Shangguang Wang received his Ph.D. degree at Beijing University of Posts and Telecommunications in 2011. He is an associate professor at the State Key Laboratory of Networking and Switching Technology (BUPT). He has published more than 100 papers, and played a key role at many international conferences, such as general chair and PC chair. His research interests include service computing, cloud computing, and mobile edge computing. He is a senior member of the IEEE, and the Editor-in-Chief of the International Journal of Web Science.
Chuntao Ding received the B.S. and M.S. degrees from SIAS international University in 2012 and Soochow University in 2015, respectively, both in software engineering.
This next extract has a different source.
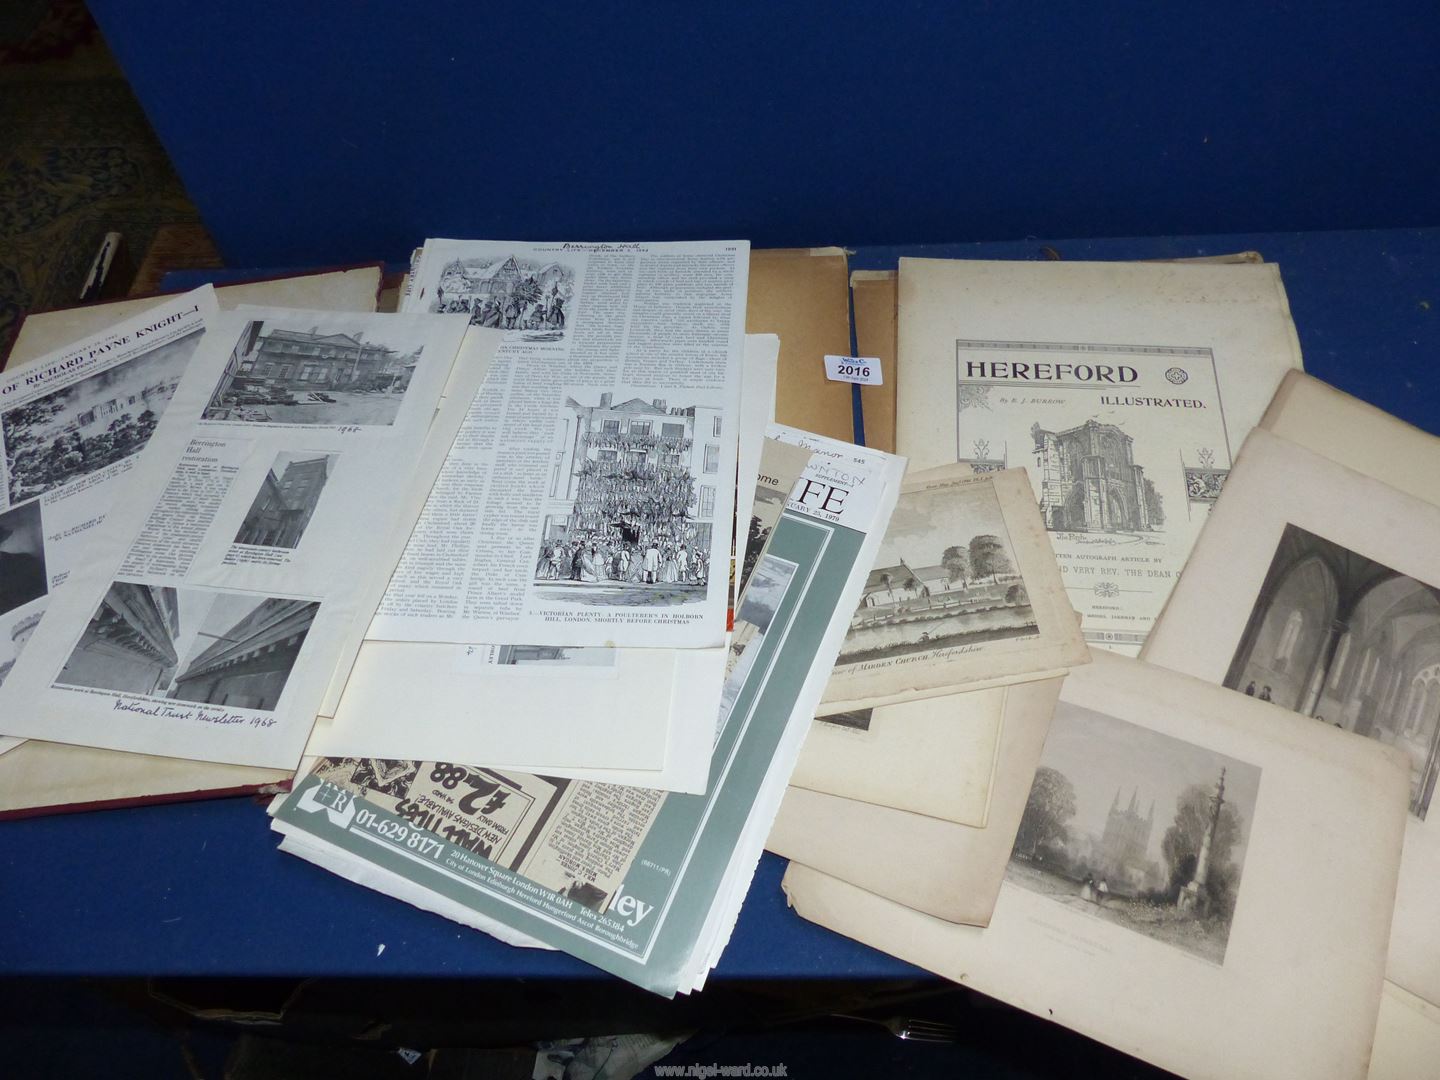 Herefordshire illustrated and cuttings from Country Life Magazines.
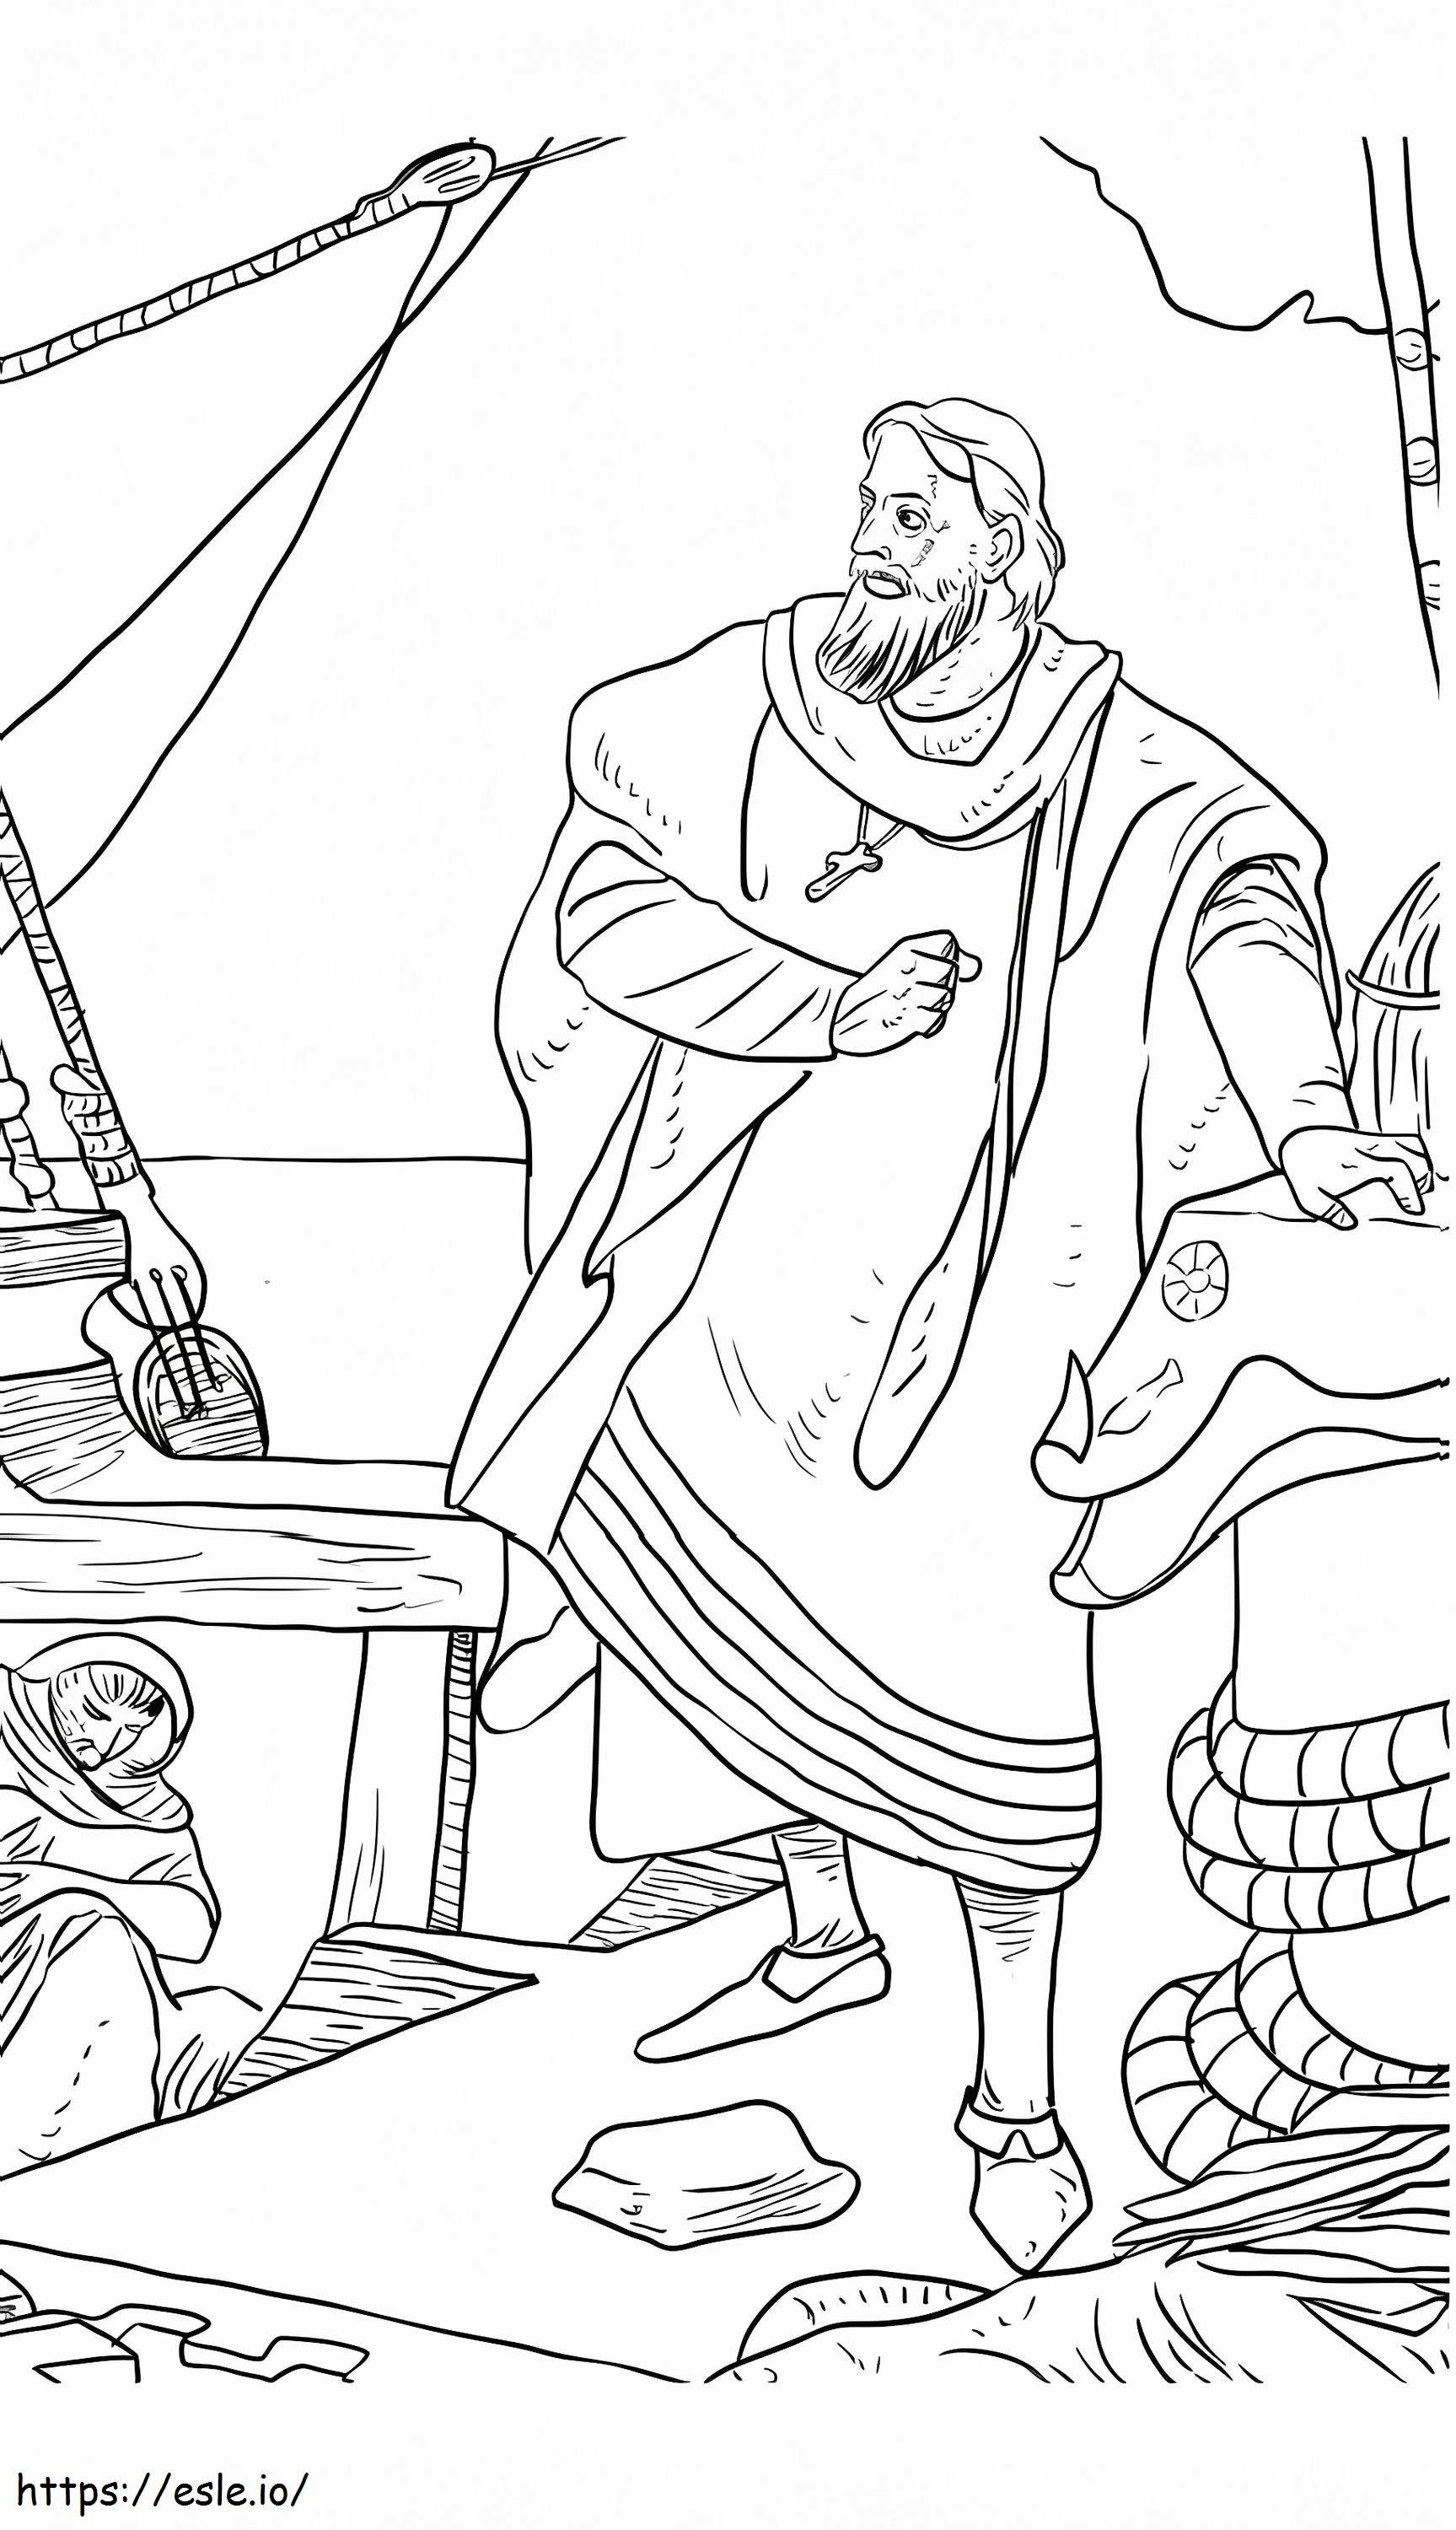 1559873544 Christopher Columbus A4 coloring page

He is currently a Ph.D. at the State Key Laboratory of Networking and Switching Technology, Beijing University of Posts and Telecommunications (BUPT). His research interests include machine learning, mobile edge computing.
Ching-Hsien Hsu is a professor in the Department of Information Engineering and Computer Science, Feng Chia University, Taichung, Taiwan; He was distinguished chair professor at Tianjin University of Technology, China, during 2012–2016. His research includes high performance computing, cloud computing, parallel and distributed systems, big data analytics and intelligence. He has published 200 papers in these areas, including top journals such as IEEE TPDS, IEEE TSC, IEEE TCC, IEEE TETC, IEEE T-SUSC, IEEE Systems, IEEE Network, IEEE Communications, ACM TOMM. Dr. Hsu is serving as editorial board for a number of prestigious journals, including IEEE TSC, IEEE TCC, IJCS, JoCS. He has been acting as an author/co-author or an editor/co-editor of 10 books from Elsevier, Springer, IGI Global, World Scientific and McGraw-Hill. Dr. Hsu was awarded nine times distinguished award for excellence in research from Chung Hua University. He is vice chair of IEEE TCCLD, executive committee of IEEE TCSC, Taiwan Association of Cloud Computing and an IEEE senior member.
Fangchun Yang received his Ph.D.in communications and electronic systems from the Beijing University of Posts and Telecommunication in 1990. He is currently professor at the Beijing University of Posts and Telecommunication, China. He has published six books and more than 80 papers. His current research interests include network intelligence, service computing, communications software, soft-switching technology, and network security. He is a Fellow of the IET.